◆ Problem:
The result should be an exact copy of the data, free of pictures.
(Information supplied begins)
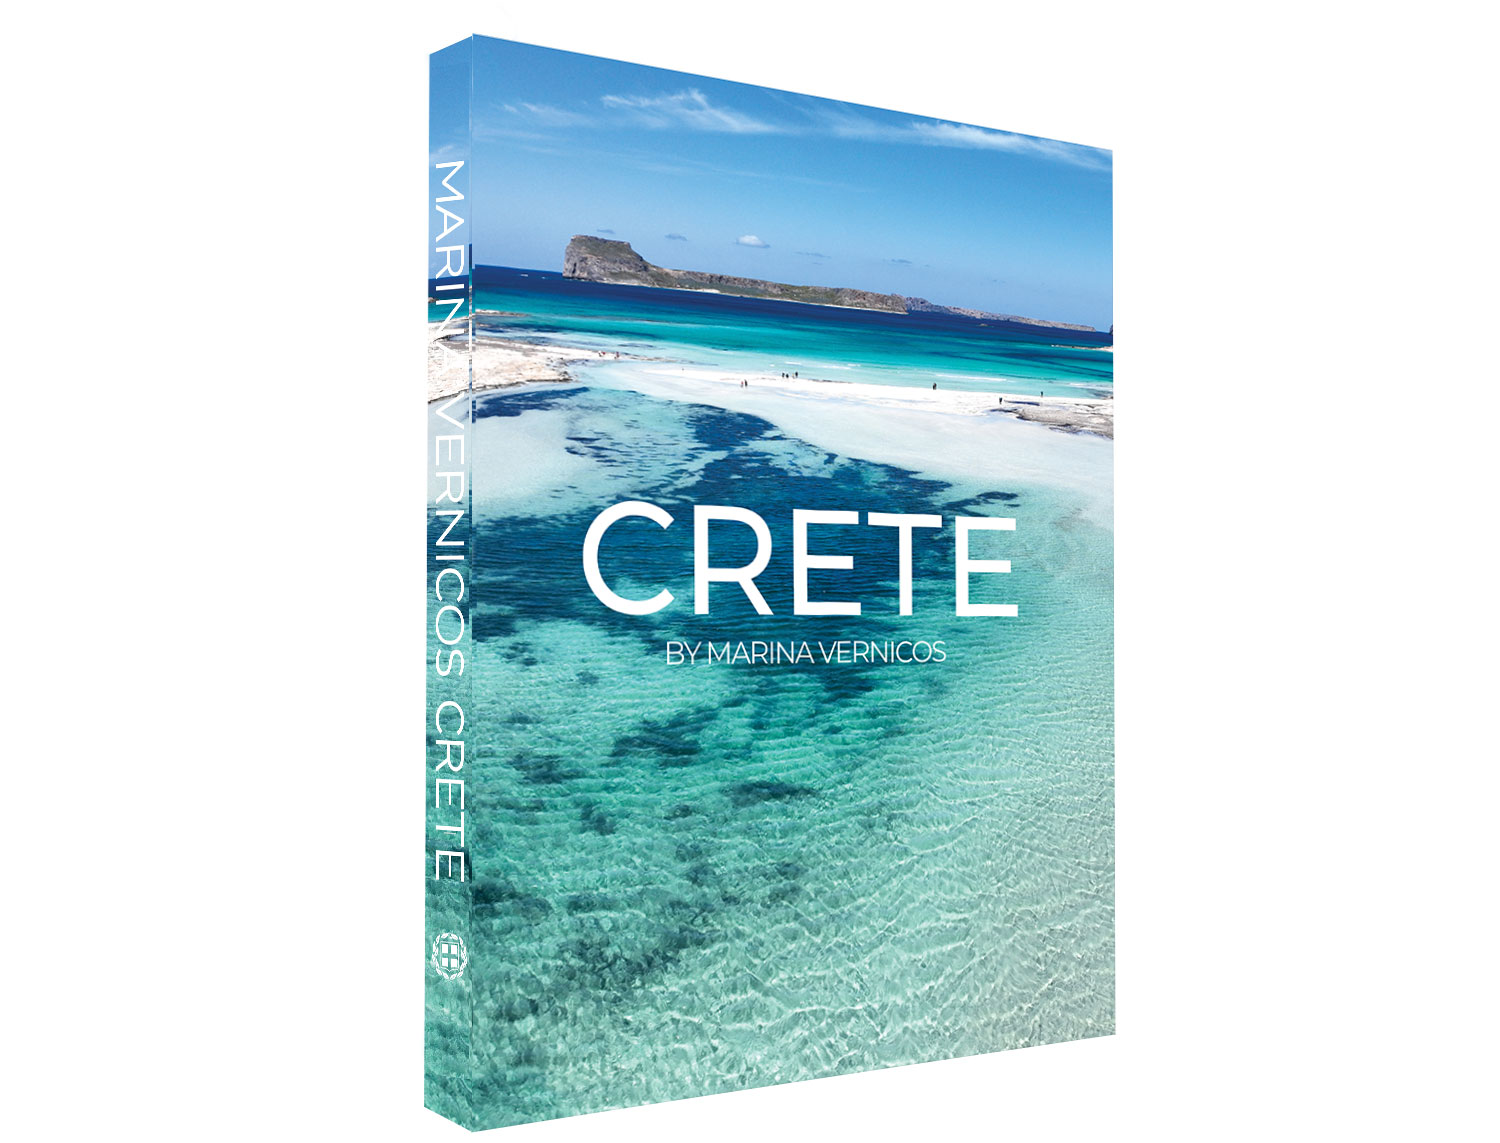 Crete-1
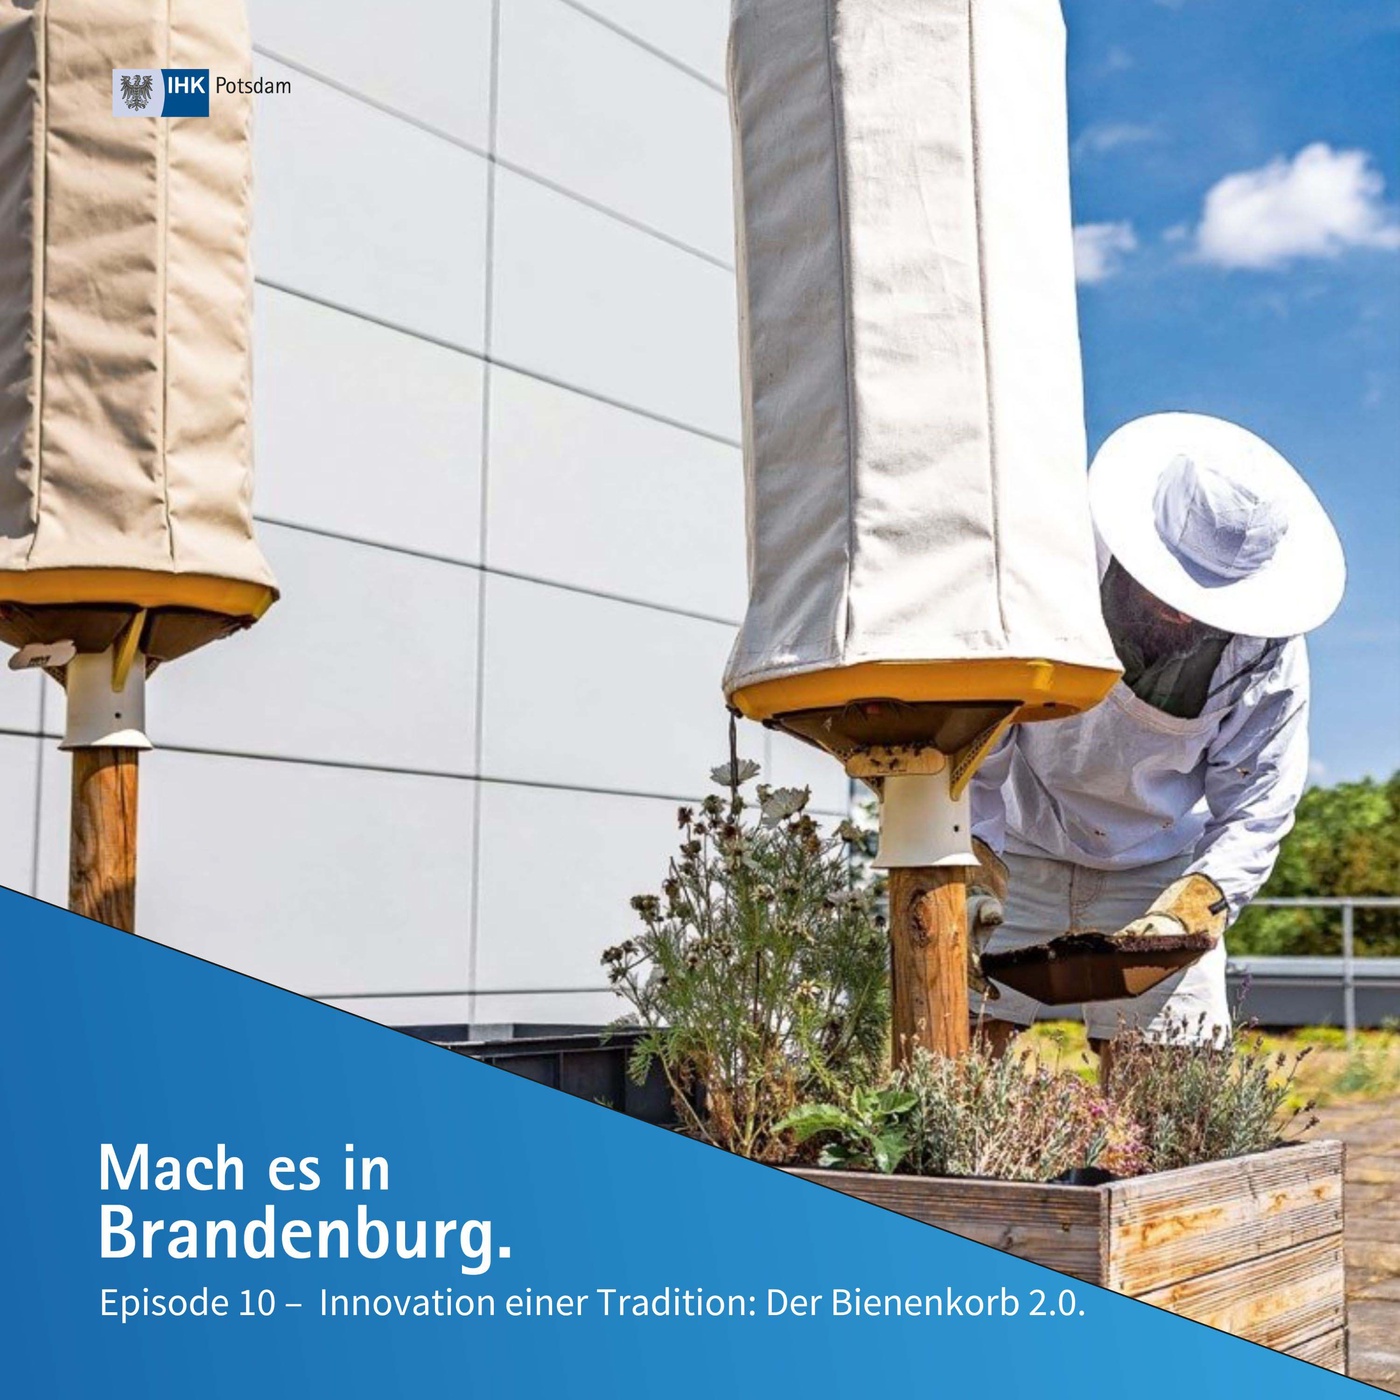 Innovation einer Tradition, der Bienenkorb 2.0 | Mach es in Brandenburg (10)
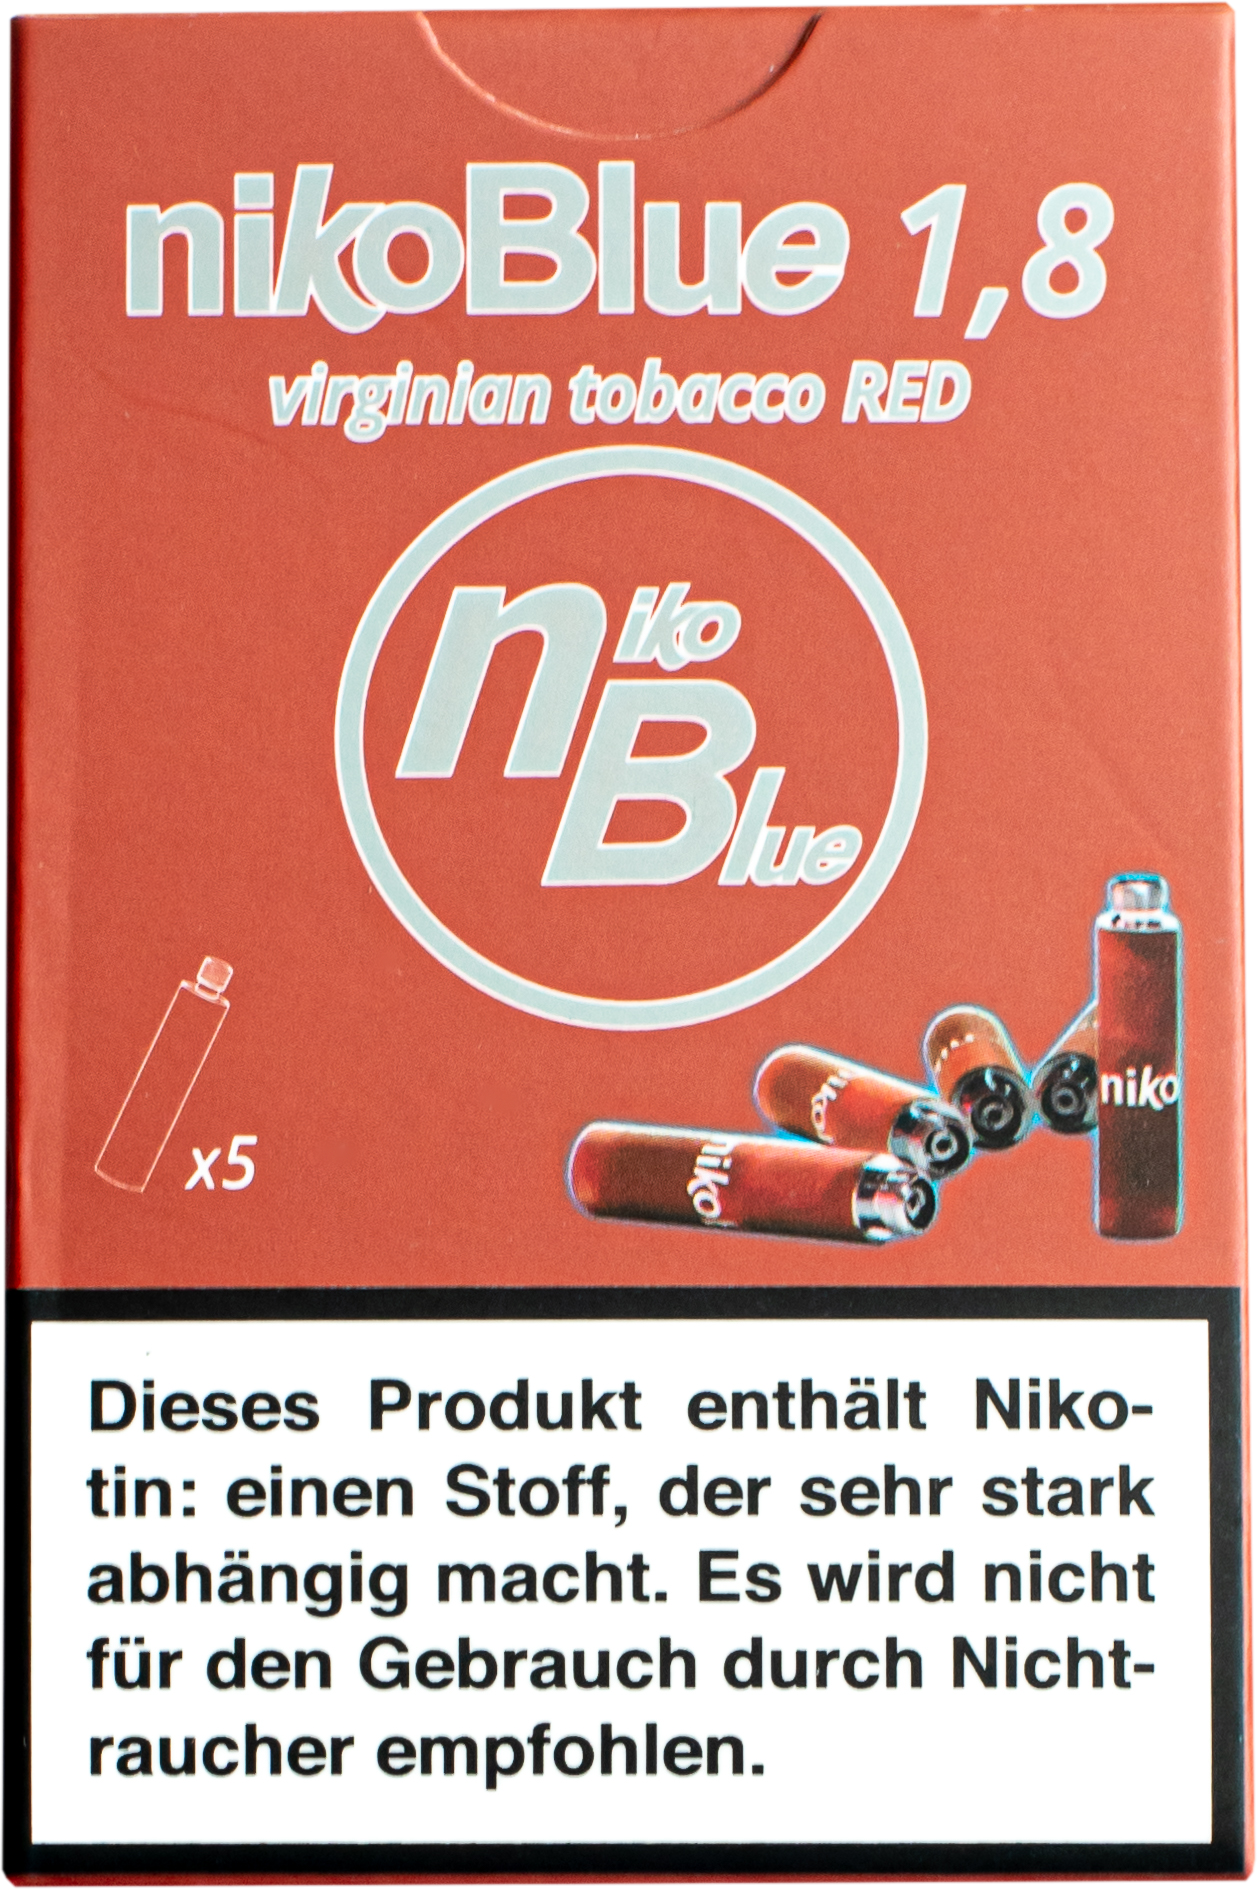 nikoBlue refill red 1.8% Nikotin
(Information supplied ends)
◆ Answer to the exercise:
 Crete-1
 Innovation einer Tradition, der Bienenkorb 2.0 | Mach es in Brandenburg (10)
 nikoBlue refill red 1.8% Nikotin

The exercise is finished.